The source of the “windfall” quote, however, indicates there’s a good chance four Supreme Court justices would want to take Janus’s appeal. In the majority opinion in the 2018 Janus decision, Justice Samuel Alito wrote that unions had received a “considerable windfall” from being able to collect representation fees from nonmembers over the previous 41 years. “It is hard to estimate how many billions of dollars have been taken from nonmembers and transferred to public-sector unions in violation of the First Amendment,” he added.

Anti-union litigators began filing fee-refund lawsuits even before the Janus case was decided. In their brief asking the Supreme Court to hear Janus’s appeal, the Liberty Justice Center and the National Right to Work Legal Defense Foundation said there have been 37 class-action suits and numerous individual suits.

However, many have been rejected by both federal district and appeals courts, on the grounds that the unions collected the fees in good faith. On April 15, the 2nd Circuit upheld a lower court’s dismissal of two Connecticut state employees’ bid for refunds from CSEA SEIU Local 2001. 
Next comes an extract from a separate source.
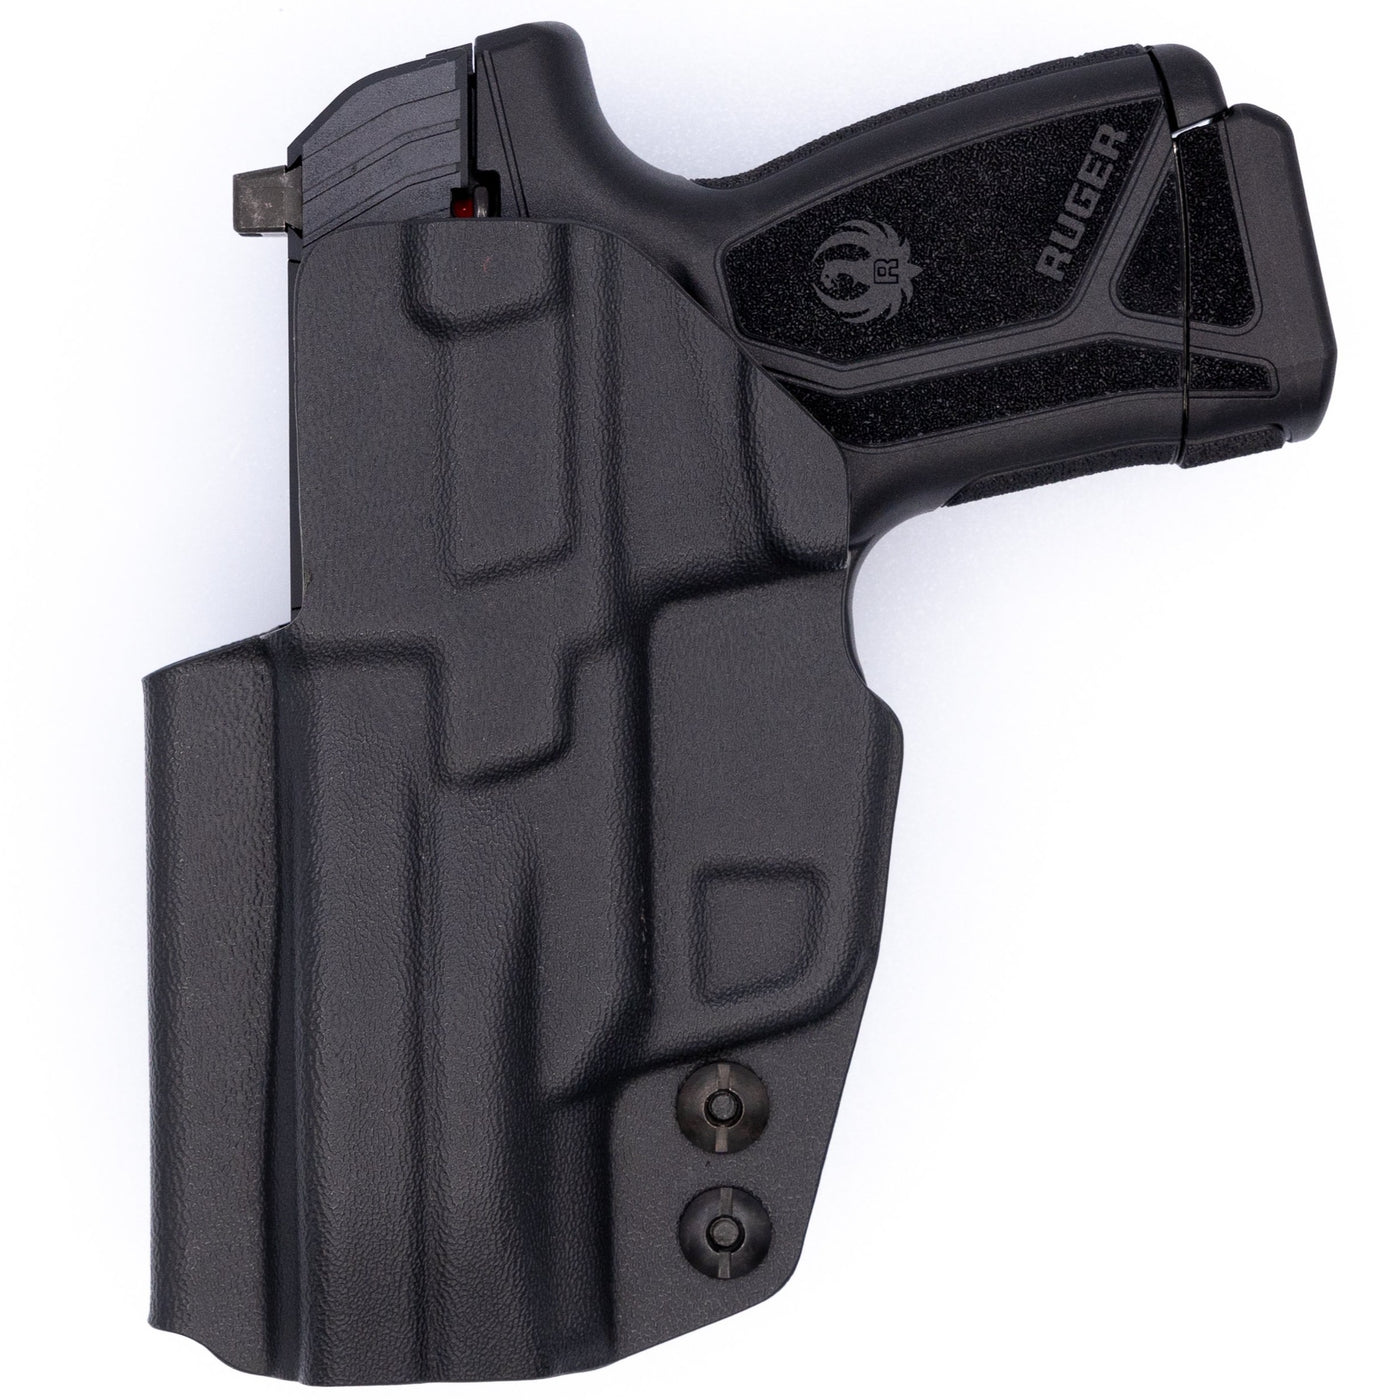 Shown is the custom C&G Holsters IWB inside the waistband Holster for the Ruger MAX9.

Four of the nation’s 12 regional appeals courts—the 2nd, 6th, 7th, and 9th Circuits—have made similar rulings. Those four circuits cover New York, Connecticut, most of the Midwest, and nine Far West states, including the jurisdictions where 28 of the 37 class-action suits were filed.

A Liberty Justice Center spokesperson told LaborPress that the organization now has seven fee-refund suits pending in federal courts in Illinois, Maryland, Minnesota, New York, and Pennsylvania. In Pennsylvania, LJC and the NRTW legal foundation are suing AFSCME Council 13 and SEIU Local 668. In Minnesota, they sued AFSCME Council 5 and the Minnesota Association of Professional Employees on May 11, seeking to have AFSCME pay up to $13 million to 8,000 state and local workers.

A related issue is litigation involving when a worker can quit a union—can unions have workers sign up permanently, or for a limited period such as one year or the duration of a contract? On May 4, two Chicago teachers represented by the NRTW legal foundation filed suit against the Chicago Teachers Union and the city Board of Education claiming the right to quit any time, instead of just during the “escape period” each August authorized in the union’s contract. The two had tried to resign from the CTU last October, when they crossed picket lines during its two-week strike.

In Texas, state Attorney General Ken Paxton issued an opinion June 1 stating that a “one-time, perpetual authorization is inconsistent with the Court’s conclusion in Janus that consent must be knowingly and freely given.” He suggested that having public employees affirm their choice to pay union dues or fees each year would be constitutional under the decision. 

Texas AFL-CIO President Rick Levy called that opinion “a non-binding polemic.” 

“In the absence of any relevant case law or court directive, Paxton simply makes up a standard in a transparent effort to cater to the ideologues who sponsor him,” Levy said in a statement. “The opinion would strip the freedom of public workers to make their own decisions about how to spend their own paychecks without state interference.”